Introducing Absolute Quantities
Until now, mp-units forced users to choose between points (no arithmetic) and deltas (no physical semantics) — missing the most common case: a non-negative absolute amount.
An absolute quantity represents an absolute amount of a physical property — measured from a true, physically meaningful zero. Examples include mass in kilograms, temperature in Kelvin, or length in meters (as a size, not a position).
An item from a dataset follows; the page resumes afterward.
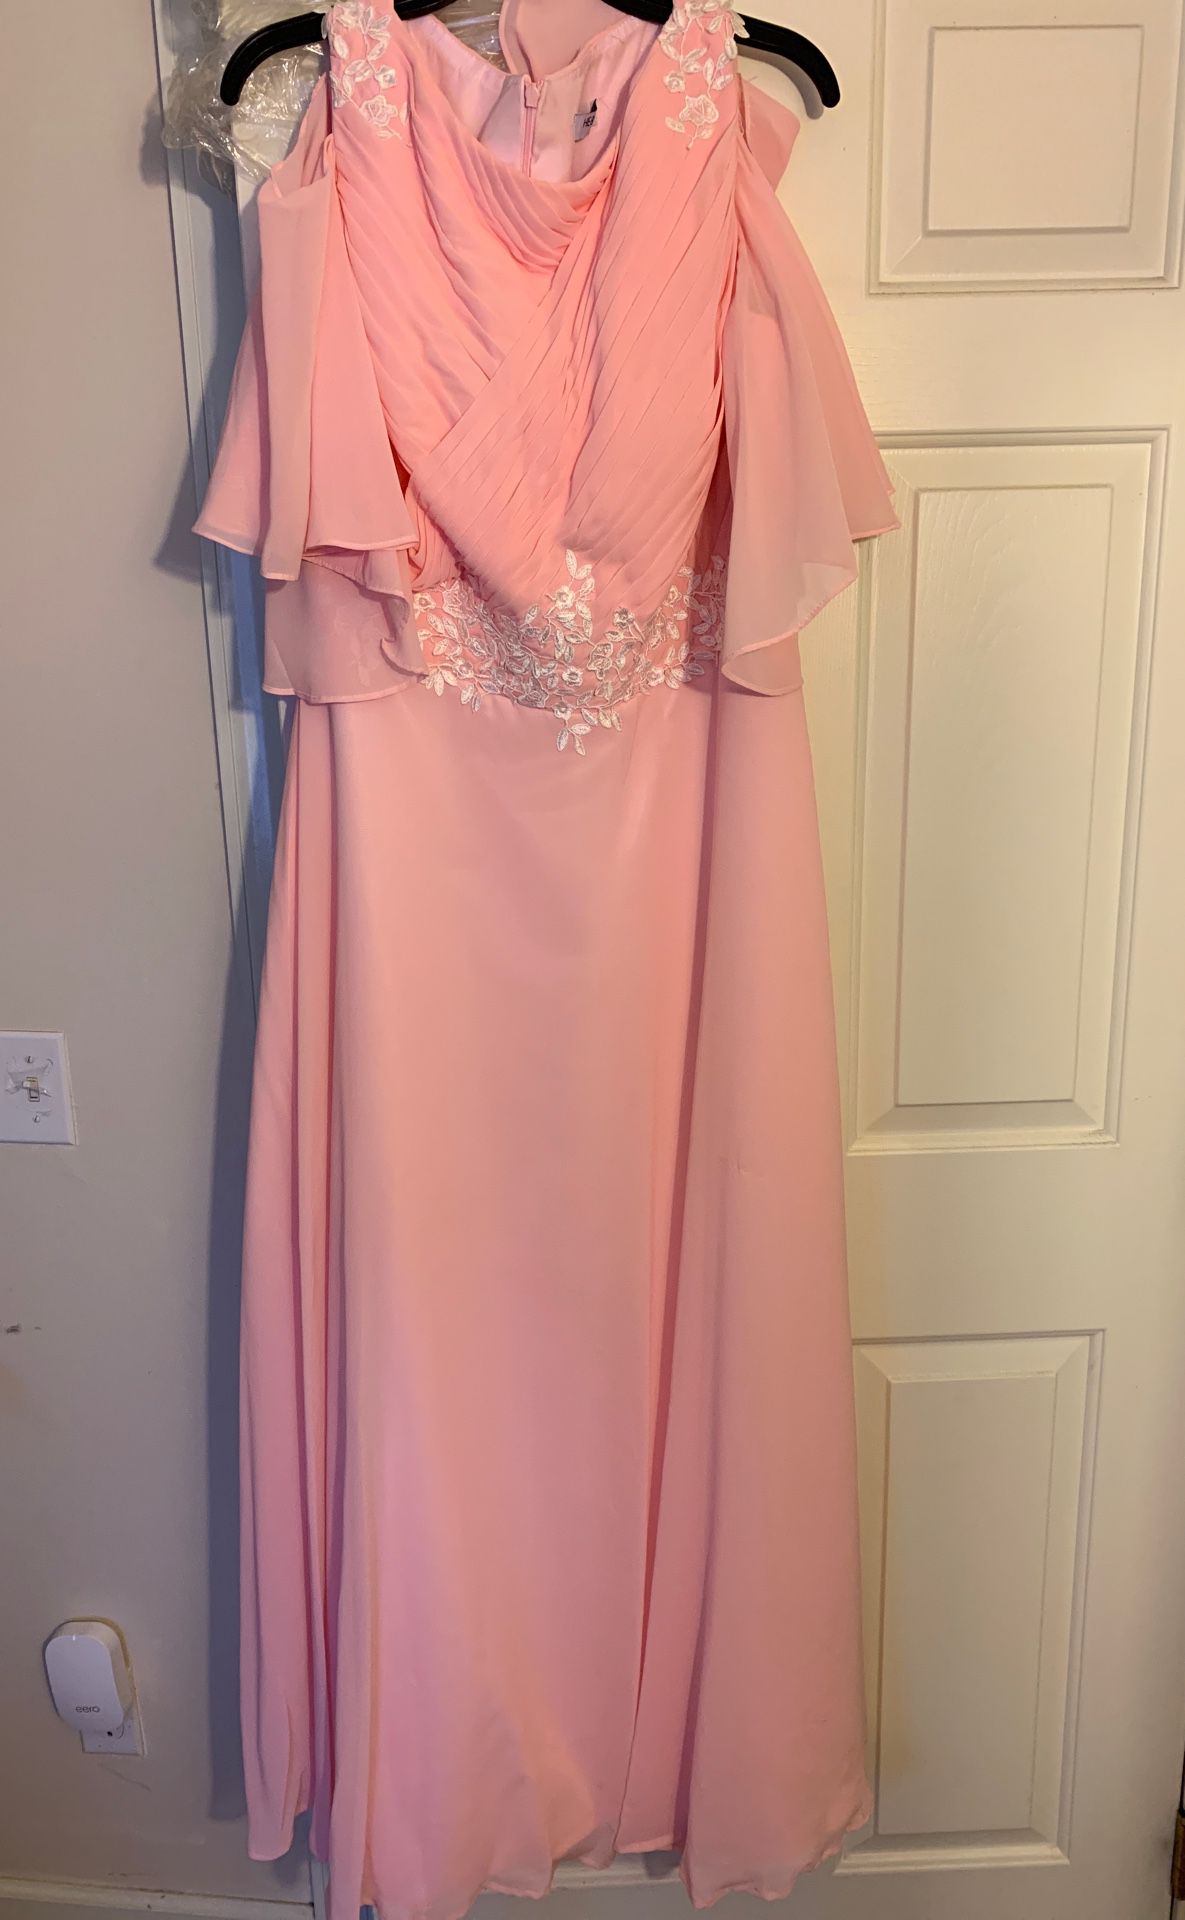 Bare shoulder, pink bridesmaid dress-14/16

Such quantities live on a ratio scale and are anchored at a physically meaningful zero; negative values are typically meaningless.
Absolute quantities stand in contrast to:
- Affine points (e.g., \(20\ \mathrm{°C}\), \(100\ \mathrm{m}\ \mathrm{AMSL}\)) — values measured relative to an arbitrary or conventional origin.
- Deltas (e.g., \(10\ \mathrm{K}\), \(–5\ \mathrm{kg}\)) — differences between two values.
Arithmetic on absolute quantities behaves like ordinary algebra: addition, subtraction, and scaling are well-defined and map naturally to physical reasoning. This article proposes making absolute quantities the default abstraction in mp-units V3, reflecting how scientists express equations in practice.
Note: Revised on March 11, 2026 for clarity, accuracy, and completeness.